• _Exercise_:
In the records below, the lines between the one holding "Prada Platform Satin Sandals in Green - Lyst" and the one holding "Un épouvantail avec", inclusive, are to be transcribed exactly; no pictures are to be included.

• _Data provided_:
|---|

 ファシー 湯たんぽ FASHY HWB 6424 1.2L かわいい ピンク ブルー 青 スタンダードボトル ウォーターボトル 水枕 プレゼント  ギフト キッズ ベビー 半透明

|---|

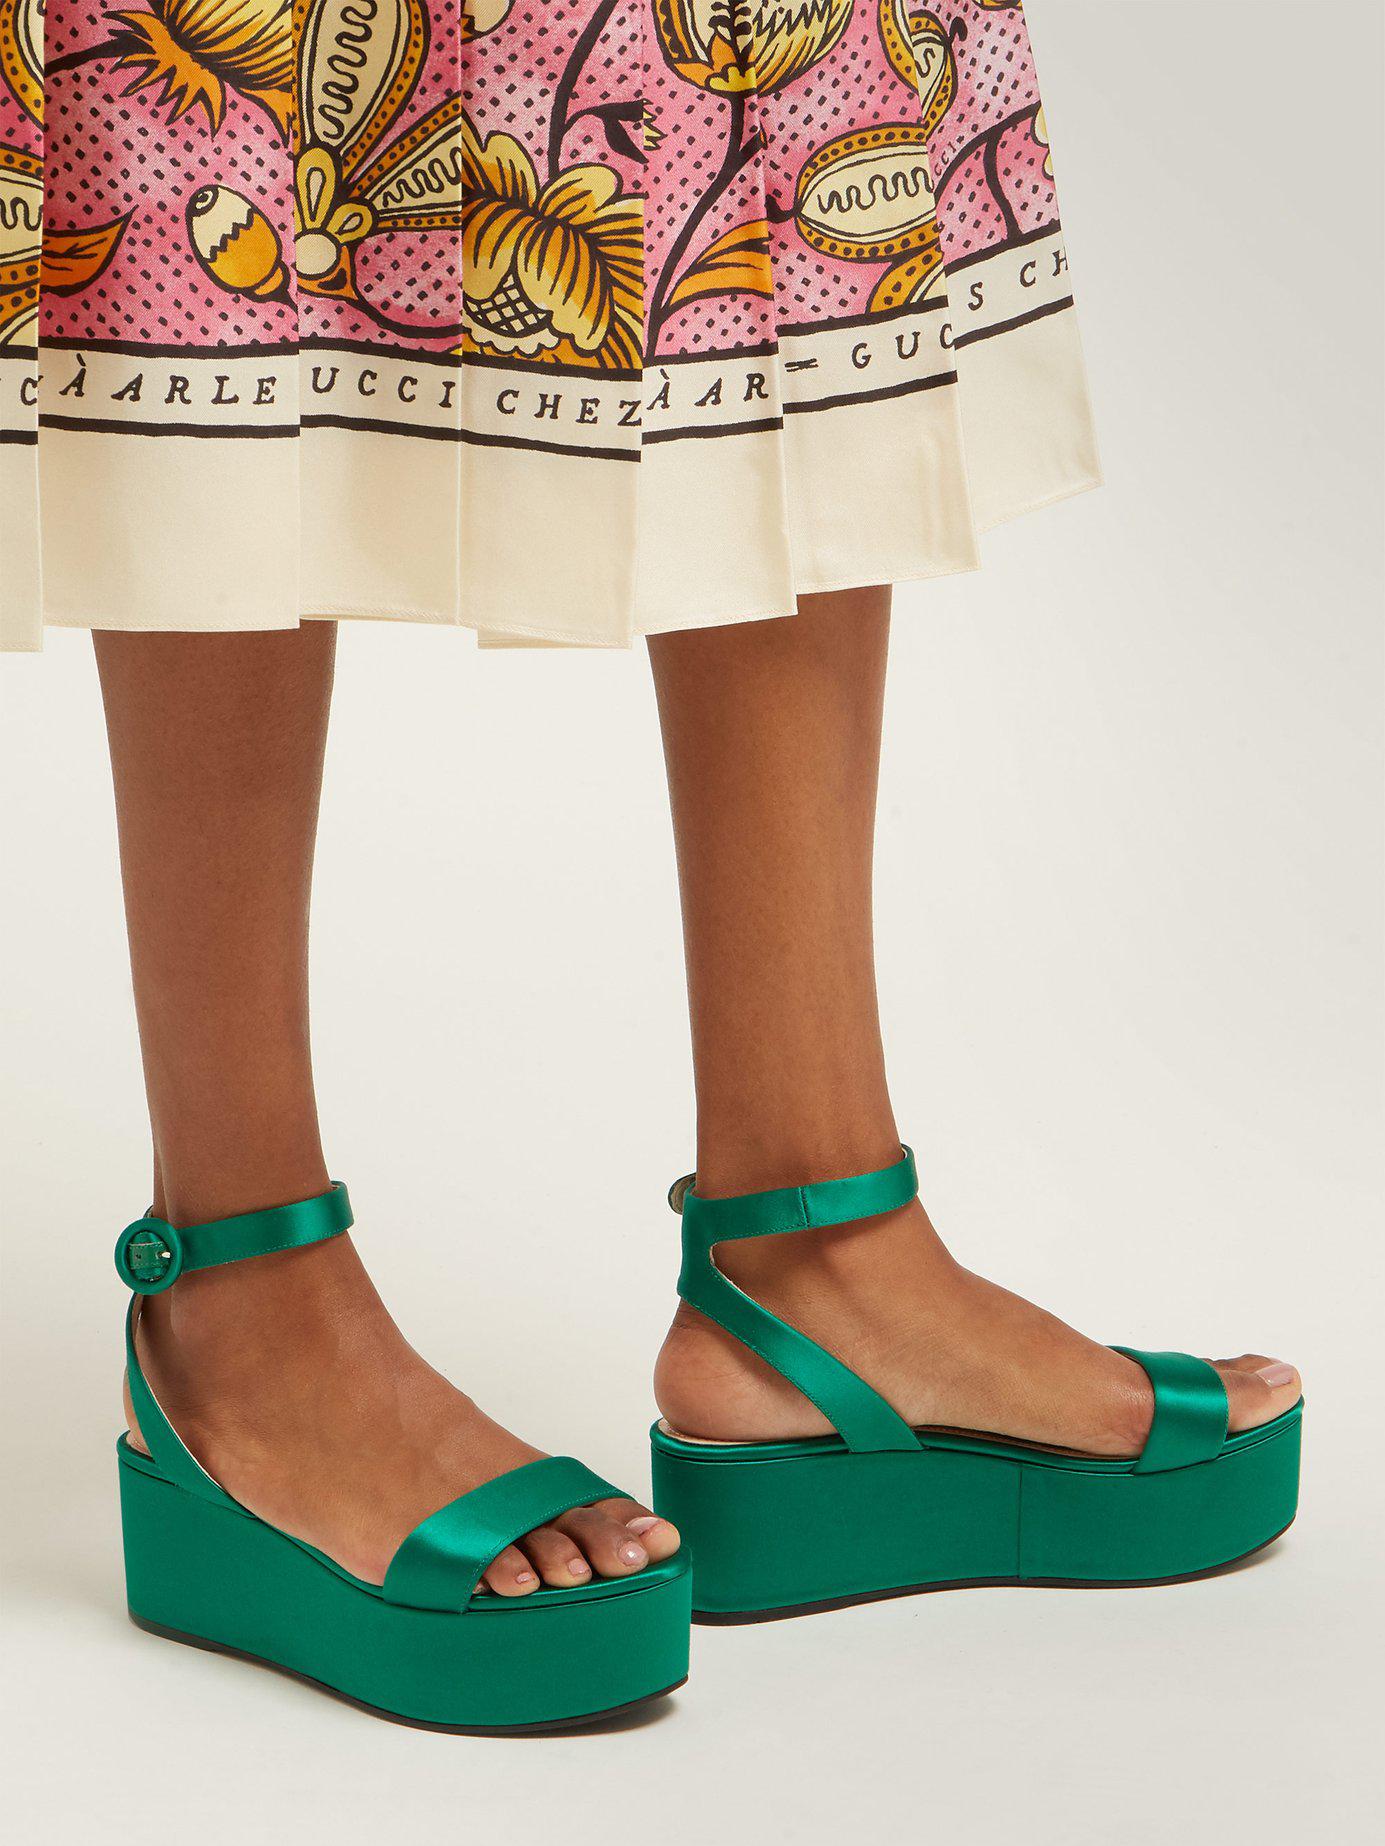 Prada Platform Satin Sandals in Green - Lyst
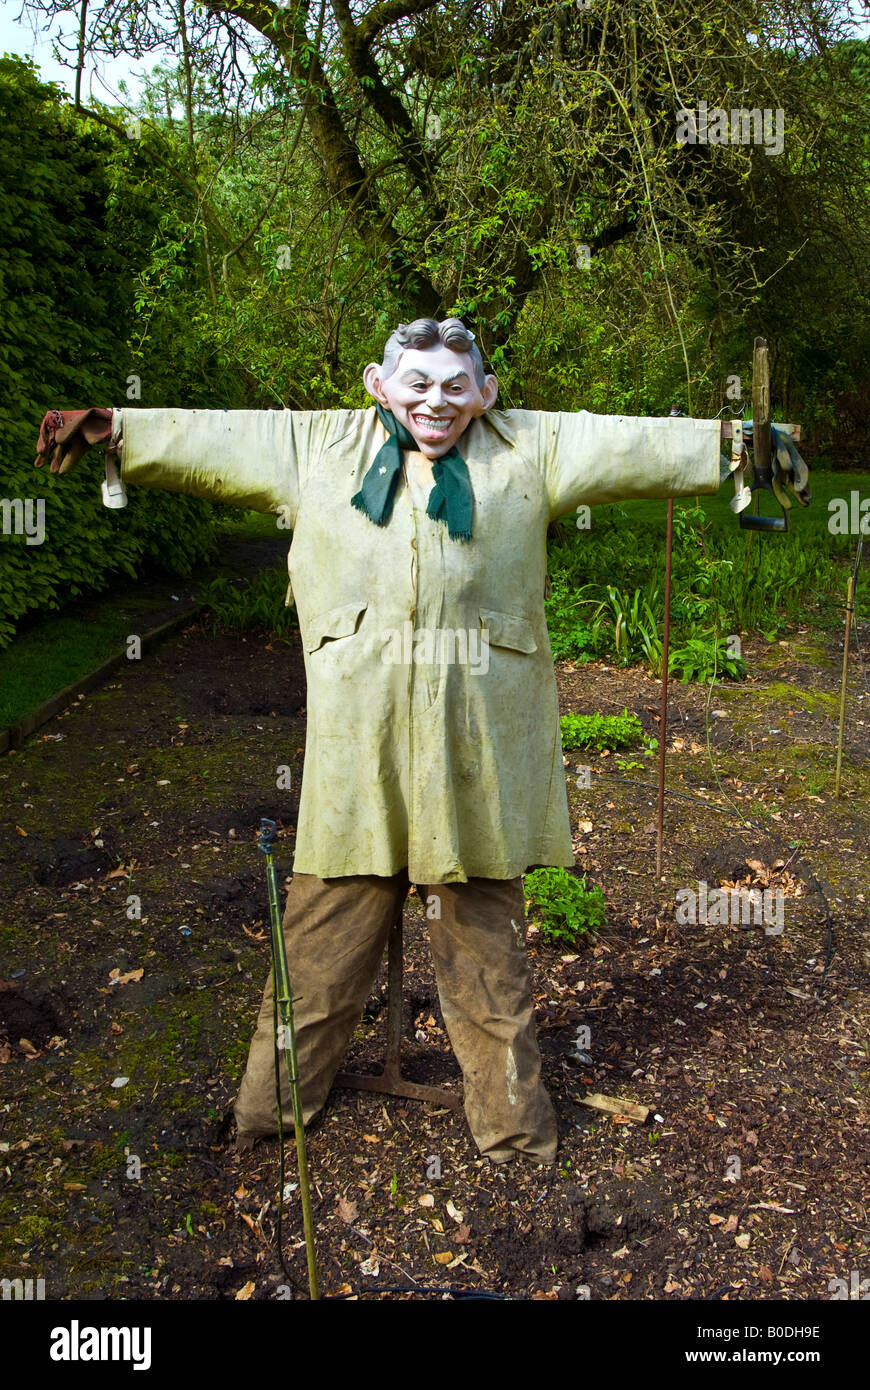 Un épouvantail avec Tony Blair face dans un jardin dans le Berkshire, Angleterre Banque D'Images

|---|

• _Task result_:
 Prada Platform Satin Sandals in Green - Lyst
 Un épouvantail avec Tony Blair face dans un jardin dans le Berkshire, Angleterre Banque D'Images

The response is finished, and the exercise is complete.